The plan is to take the more complex first approach so that newly added changes to lowering code do not need to be made to support the stack arrays option. The general problem of determining heap allocation lifetimes can be simplified in this case because only those allocations which are always freed before exit from the same function are possible to be moved to heap allocations in that function’s stack frame. Furthermore, the aim of this pass would be to only move those allocations generated by Flang, and so some of the more difficult cases can be avoided. Where the transformation is not possible, the existing heap allocation will be kept.
Implementation details overview¶
In order to limit the complexity of the proposed pass, it is useful to understand the situations in which Flang will generate heap allocations.
Known Heap Array Allocations¶
Flang allocates most arrays on the stack by default, but there are a few cases where temporary arrays are allocated on the heap:
flang/lib/Optimizer/Transforms/ArrayValueCopy.cpp
flang/lib/Optimizer/Transforms/MemoryAllocation.cpp
flang/lib/Lower/ConvertExpr.cpp
flang/lib/Lower/IntrinsicCall.cpp
flang/lib/Lower/ConvertVariable.cpp
Lowering code is being updated and in the future, temporaries for expressions
will be created in the HLFIR bufferization pass in
flang/lib/Optimizer/HLFIR/Trnasforms/BufferizeHLFIR.cpp
.
ArrayValueCopy.cpp
¶
Memory is allocated for a temporary array in allocateArrayTemp()
. This
temporary array is used to ensure that assignments of one array to itself
produce the required value. E.g.
integer, dimension(5), intent(inout) :: x
x(3,4) = x(1,2)
MemoryAllocation.cpp
¶
The default options for the Memory Allocation transformation ensure that no array allocations, no matter how large, are moved from the stack to the heap.
ConvertExpr.cpp
¶
ConvertExpr.cpp
allocates many array temporaries on the heap:
Passing array arguments by value or when they need re-shaping
Lowering elemental array expressions
Lowering mask expressions
Array constructors
The last two of these cases are not covered by the current stack arrays pass design.
The FIR code generated for mask expressions (the WHERE construct) sets a
boolean variable to indicate whether a heap allocation was necessary. The
allocation is only freed if the variable indicates that the allocation was
performed to begin with. The proposed dataflow analysis is not intelligent
enough to statically determine that the boolean variable will always be true
when the allocation is performed. Beyond this, the control flow in the generated
FIR code passes the allocated memory through fir.result
, resulting in a
different SSA value to be allocated and freed, causing the analysis not to
realise that the allocated memory is freed. The most convenient solution here
would be to generate less complicated FIR code, as the existing codegen has
known bugs: https://github.com/llvm/llvm-project/issues/56921,
https://github.com/llvm/llvm-project/issues/59803.

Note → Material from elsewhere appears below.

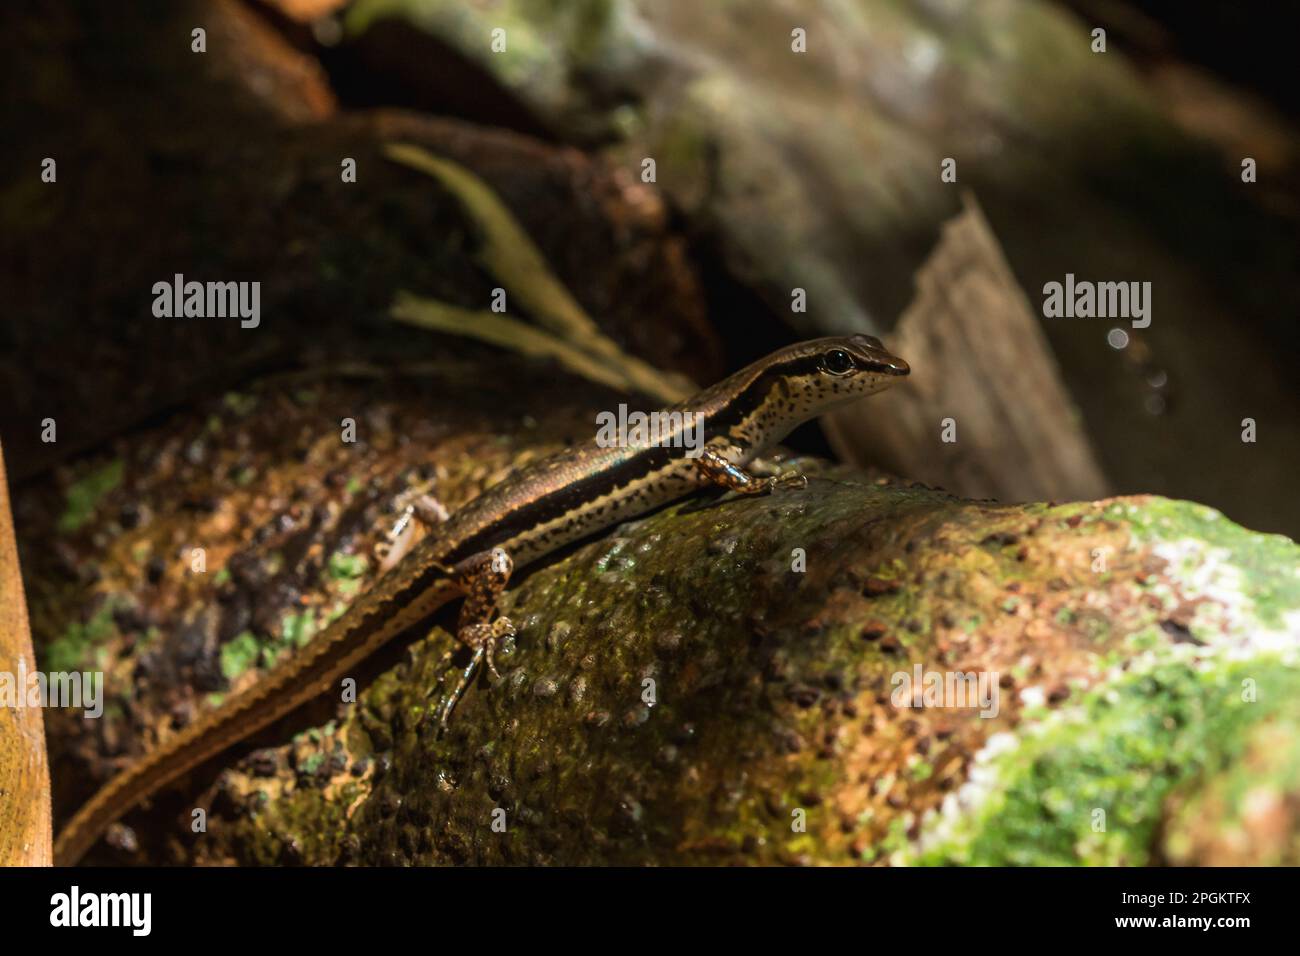 A skink on a log in nature , Skink is a reptile that is rated. Squamata, Spotted forest skink, Maculated forest skink, Sphenomorphus maculatus are on Stock Photo

Code generated for array constructors uses realloc()
to grow the allocated
buffer because the size of the resulting array cannot always be determined
ahead of running the constructor. This makes this temporary unsuitable
for allocation on the stack.
IntrinsicCall.cpp
¶
The existing design is for the runtime to do the allocation and the lowering
code to insert fir.freemem
to remove the allocation. It is not clear whether
this can be replaced by adapting lowering code to do stack allocations and to
pass these to the runtime. This would be a significant change and so is out of
scope of -fstack-arrays
.
ConvertVariable.cpp
¶
See Fortran::lower::MapSymbolAttributes
:
Dummy arguments that are not declared in the current entry point require a skeleton definition. Most such “unused” dummies will not survive into final generated code, but some will. It is illegal to reference one at run time if it does. There are three ways these dummies can be mapped to a value:
a
fir::UndefOp
value: preferable but can’t be used for dummies with dynamic bounds or used to define another dummy.A stack slot. This has intermediate-weight cost but may not be usable for objects with dynamic bounds.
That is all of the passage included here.